United States Tour Operators Association
- Industry: Travel
- Founded: 1972
- Headquarters: New York, New York
- Area served: North America
- Members: 143 (February 2024)
- Website: www.ustoa.com

= United States Tour Operators Association =

United States Tour Operators Association (USTOA) is a 501(c) registered nonprofit professional association that represents the tour operator industry. Its members are made up of companies who provide services worldwide but who conduct business in the U.S.

==Overview==
As a voice for the tour operator industry, USTOA represents this sector in matters pertaining to the travel industry as a whole, both in the U.S. and abroad.

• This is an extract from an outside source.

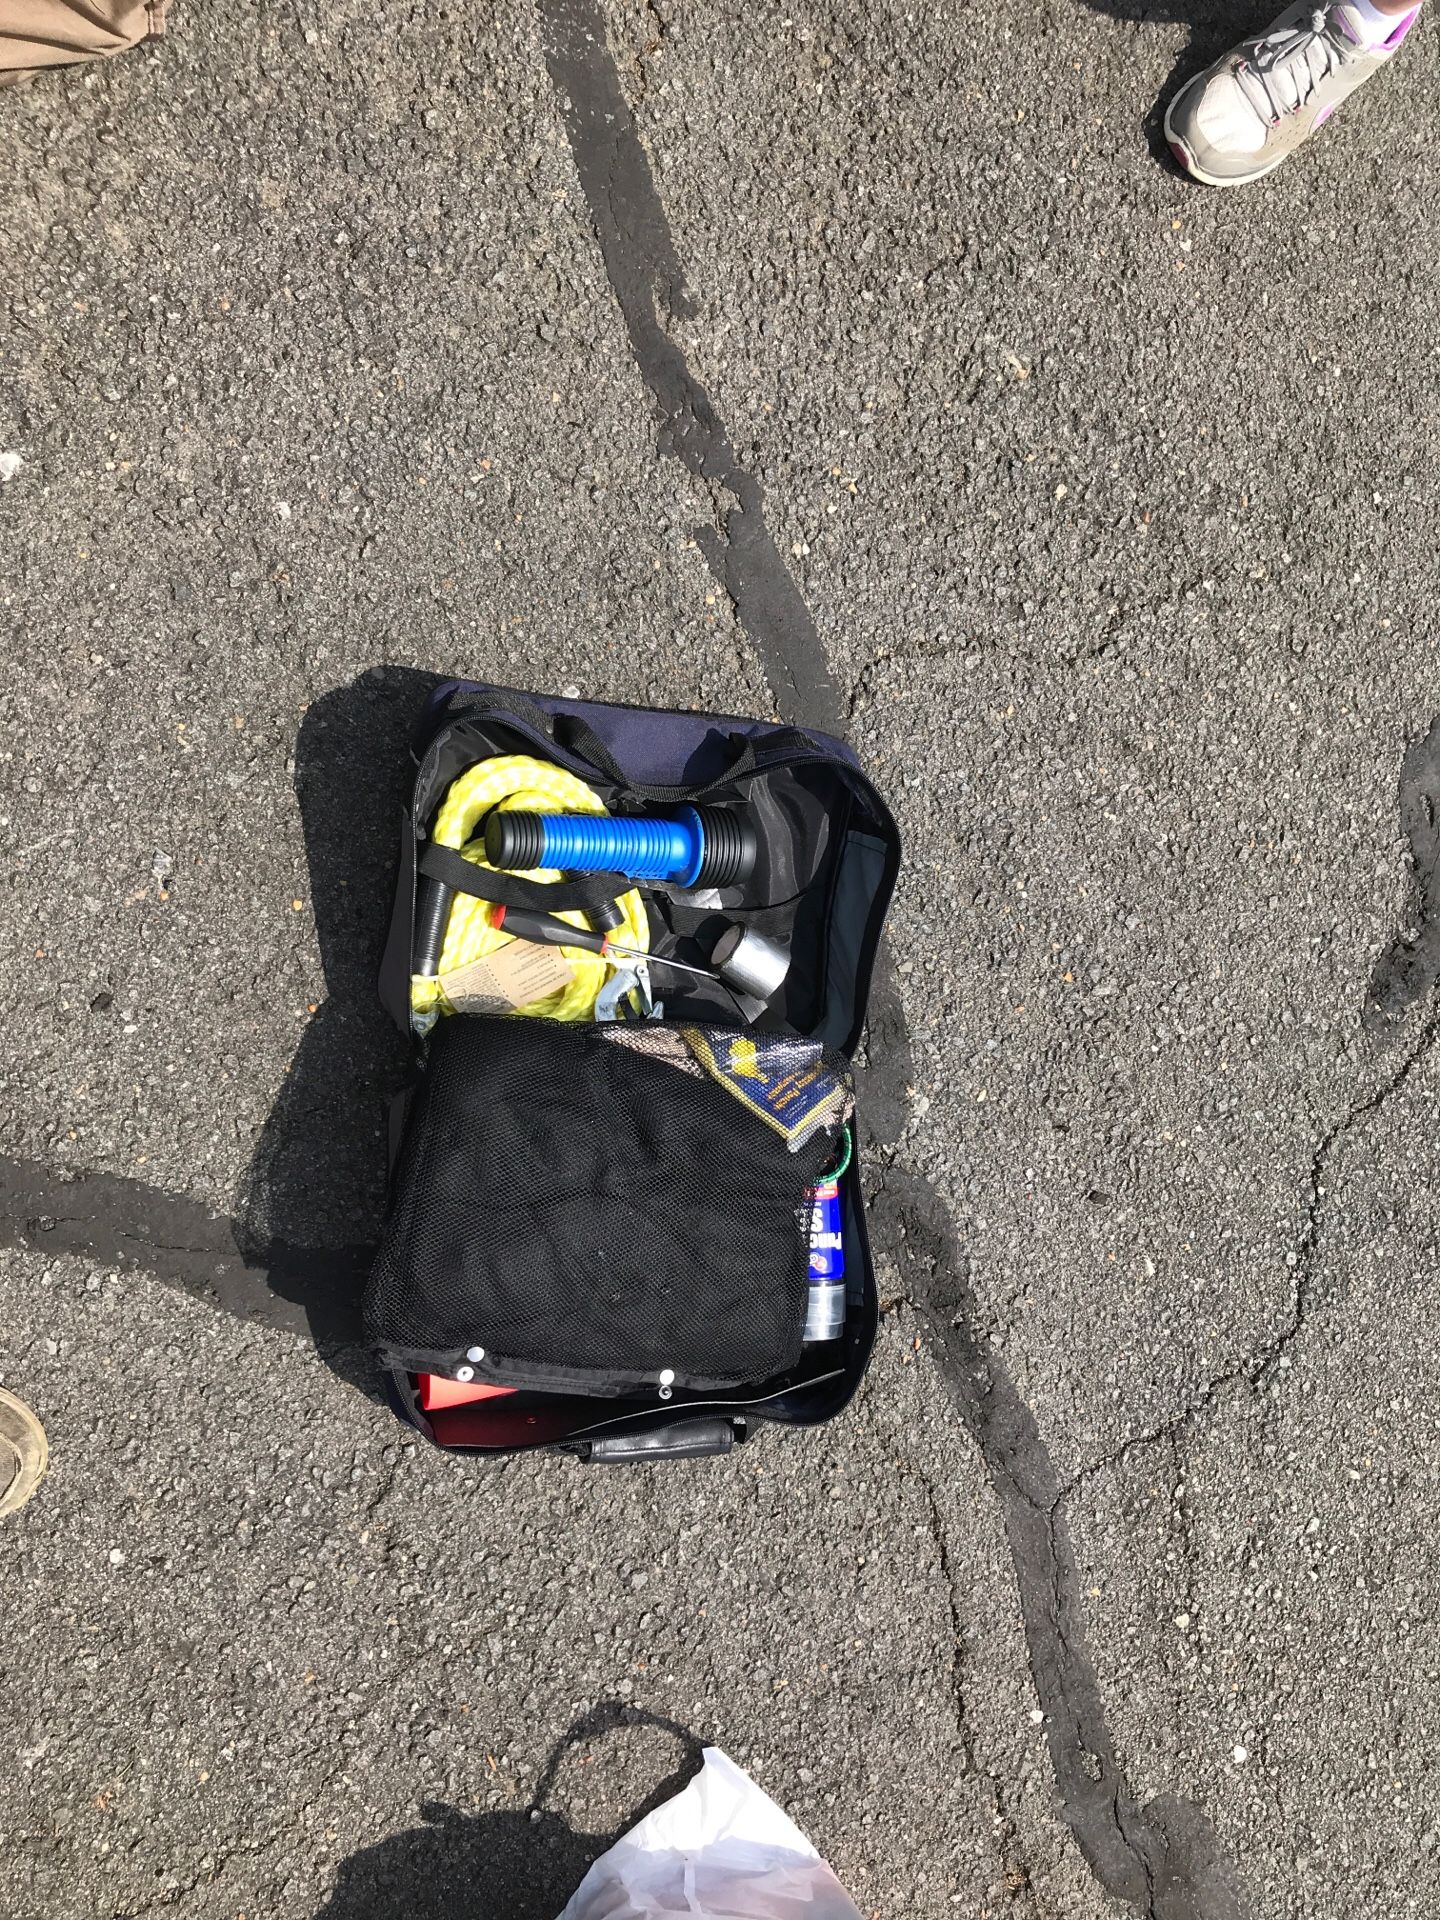 Road side emergency kit

Among USTOA's goals are consumer protection and education, and its standards and work in this area have earned USTOA the endorsement of the United States Government's Consumer Action Handbook.

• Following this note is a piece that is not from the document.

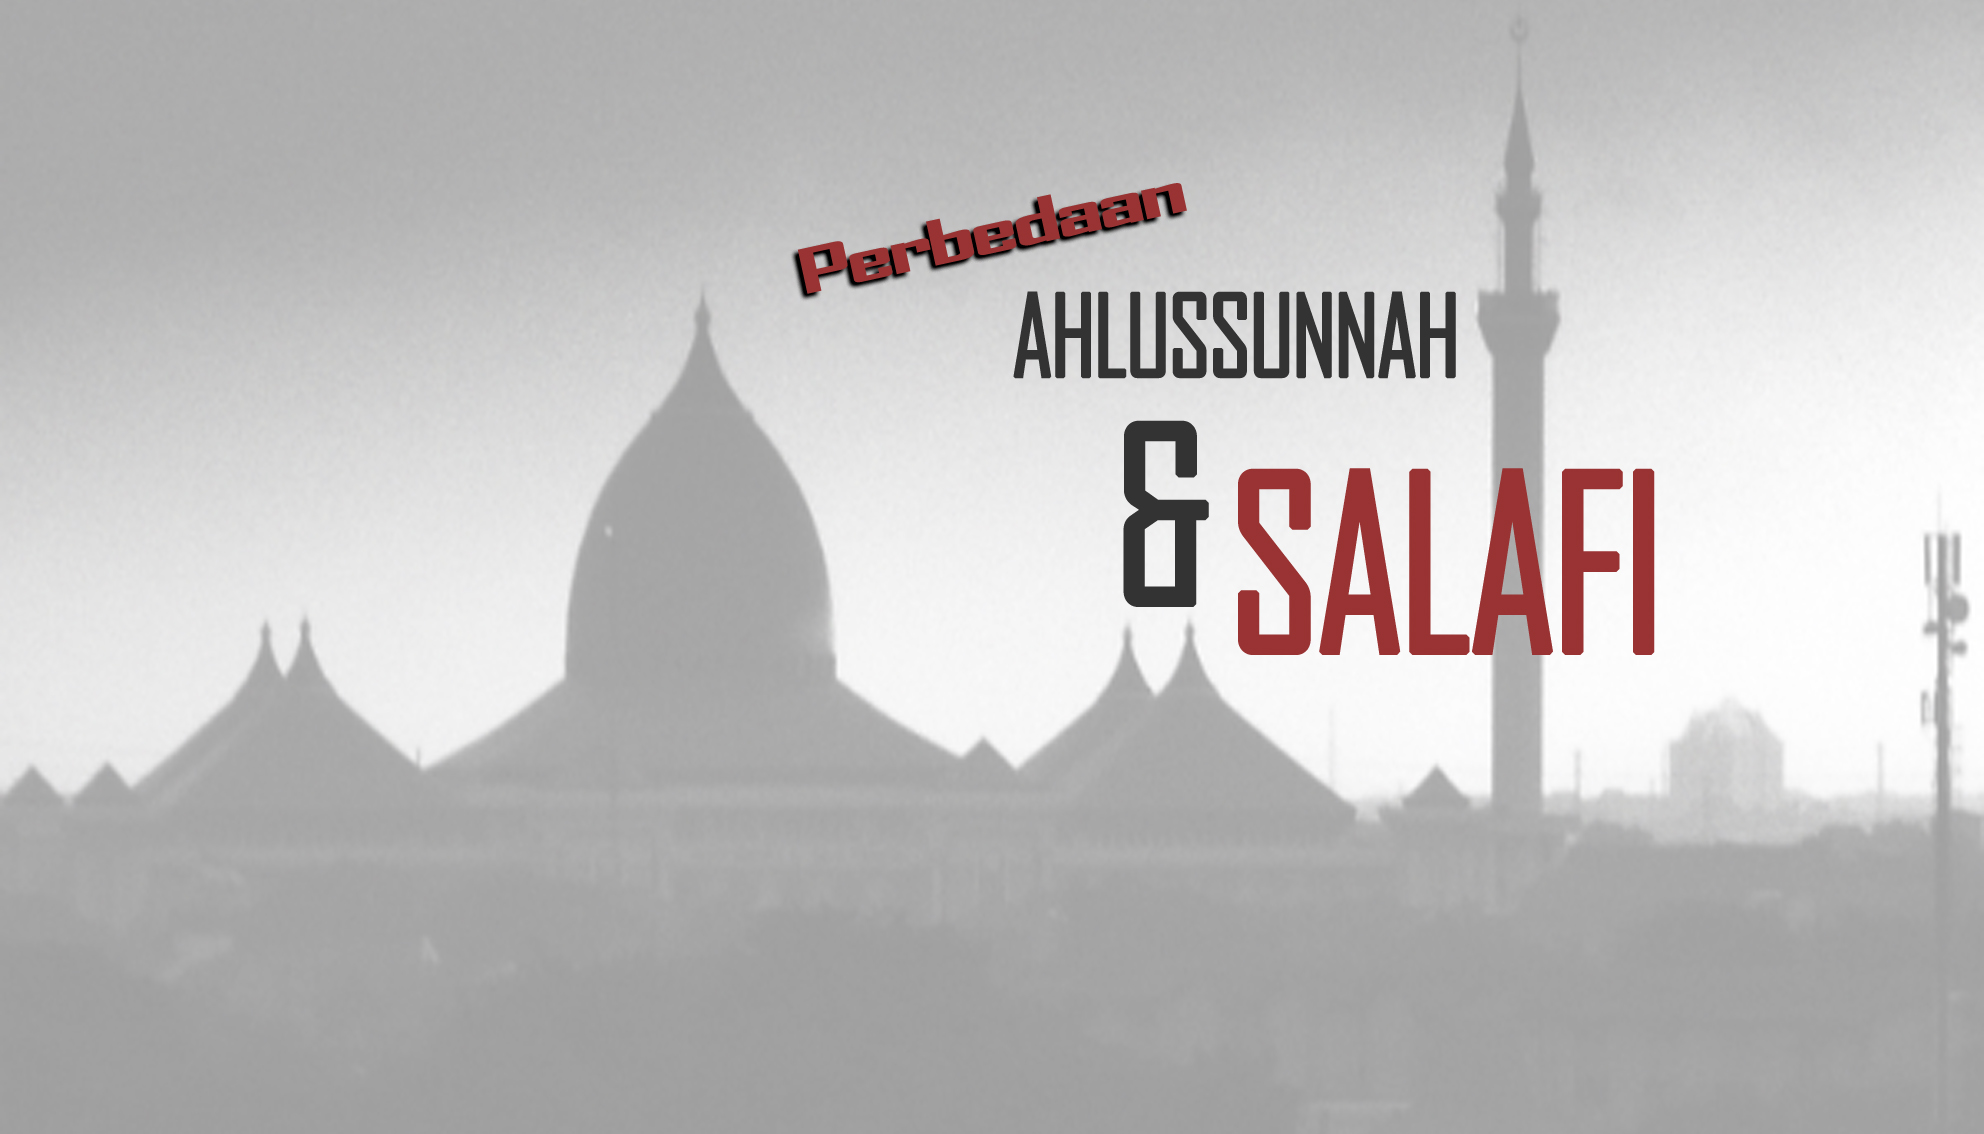 Apakah Perbedaan Ahlussunnah Dengan Salafi??

In 2022, USTOA, alongside other nonprofit associations within the travel industry such as ASTA and U.S. Travel, actively advocated for the elimination of the inbound pre-travel testing requirement imposed by the United States.

==Membership==
USTOA's membership consists of companies that must meet a number of ethical and financial criteria, including participation in the USTOA $1 Million Travelers Assistance Program, which among other things protects consumer payments up to $1 million in case the company files for bankruptcy, insolvency or cessation of business. The association currently has a membership base of over 143 organizations, which encompasses a diverse range of companies such as Abercrombie & Kent, Adventures by Disney, The Travel Corporation USA, Viking Cruises, Windstar Cruises and WorldStrides.